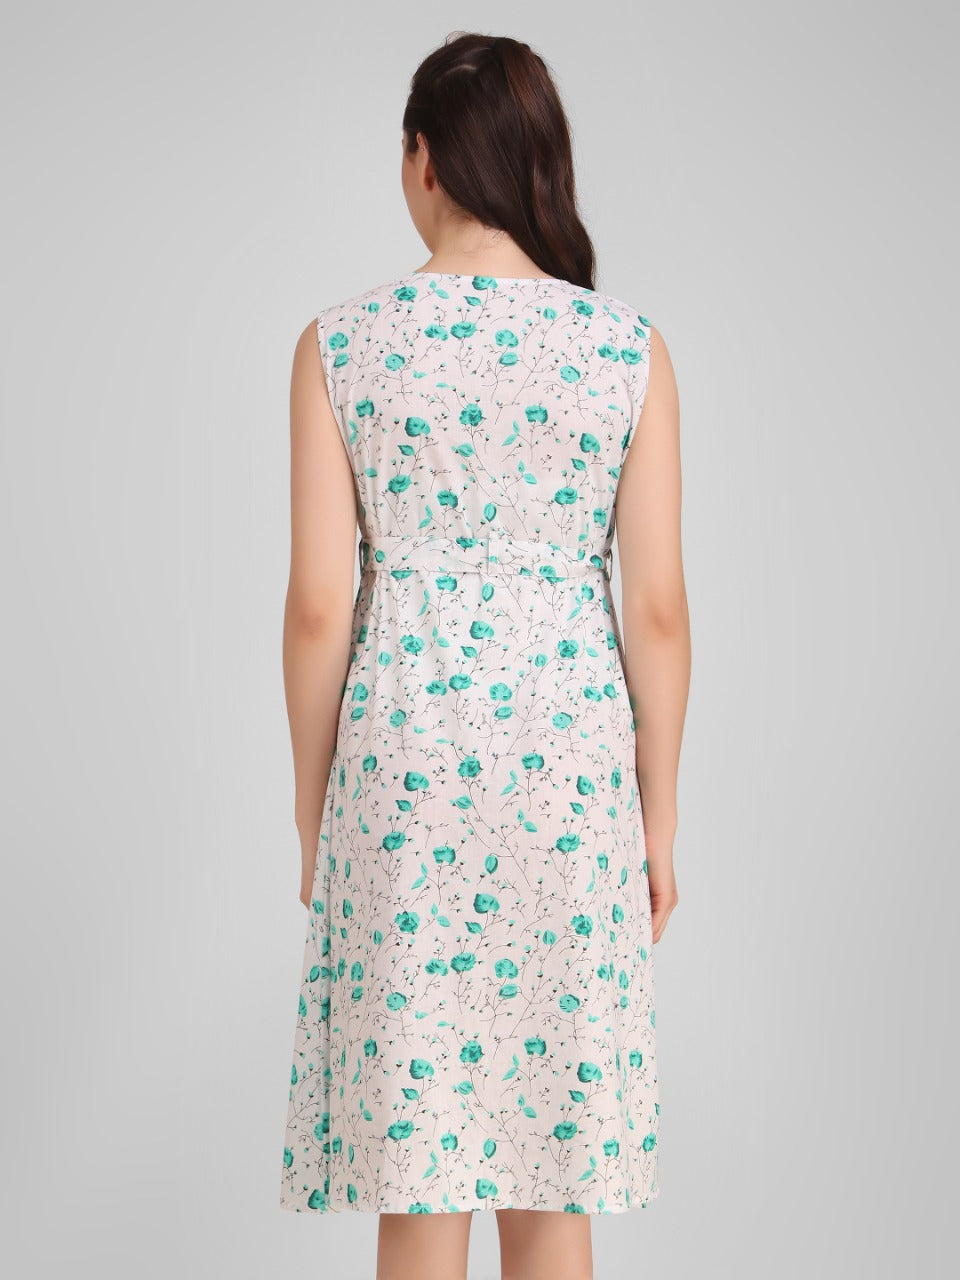 Ikat Hand Block Print Sleeveless 3 Tier Maxi Dress - Etsy
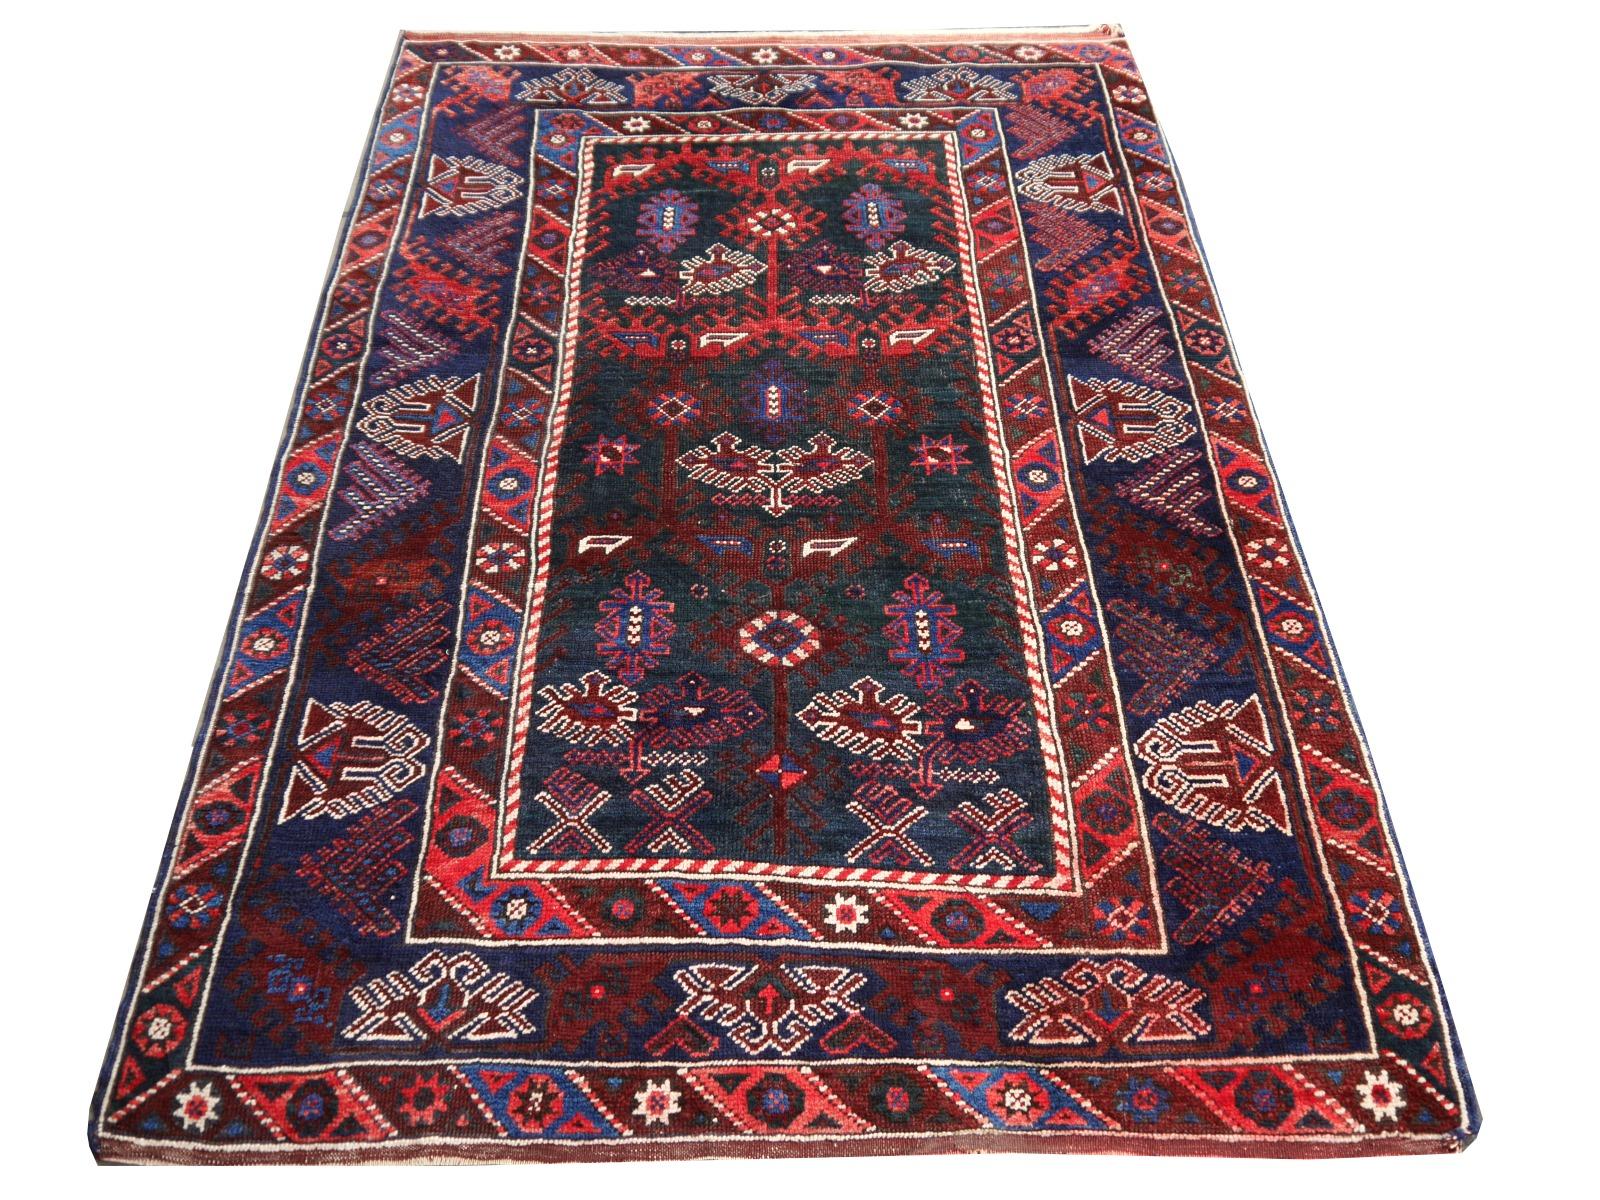 Halbantiker orientalischer Akzentteppich, Teppich oder Matte.

Vintage türkischen Teppich ausgezeichneten Zustand, seltene Farben. Dieser Teppich wurde in dem Dorf Dosemealti handgeknüpft. Er hat ein ungewöhnliches grünes Feld mit blauen und roten

## Exercise
I would like the material above returned exactly as it stands, without its pictures.

## Result for this task
 Ikat Hand Block Print Sleeveless 3 Tier Maxi Dress - Etsy
 Halbantiker orientalischer Akzentteppich, Teppich oder Matte.

Vintage türkischen Teppich ausgezeichneten Zustand, seltene Farben. Dieser Teppich wurde in dem Dorf Dosemealti handgeknüpft. Er hat ein ungewöhnliches grünes Feld mit blauen und roten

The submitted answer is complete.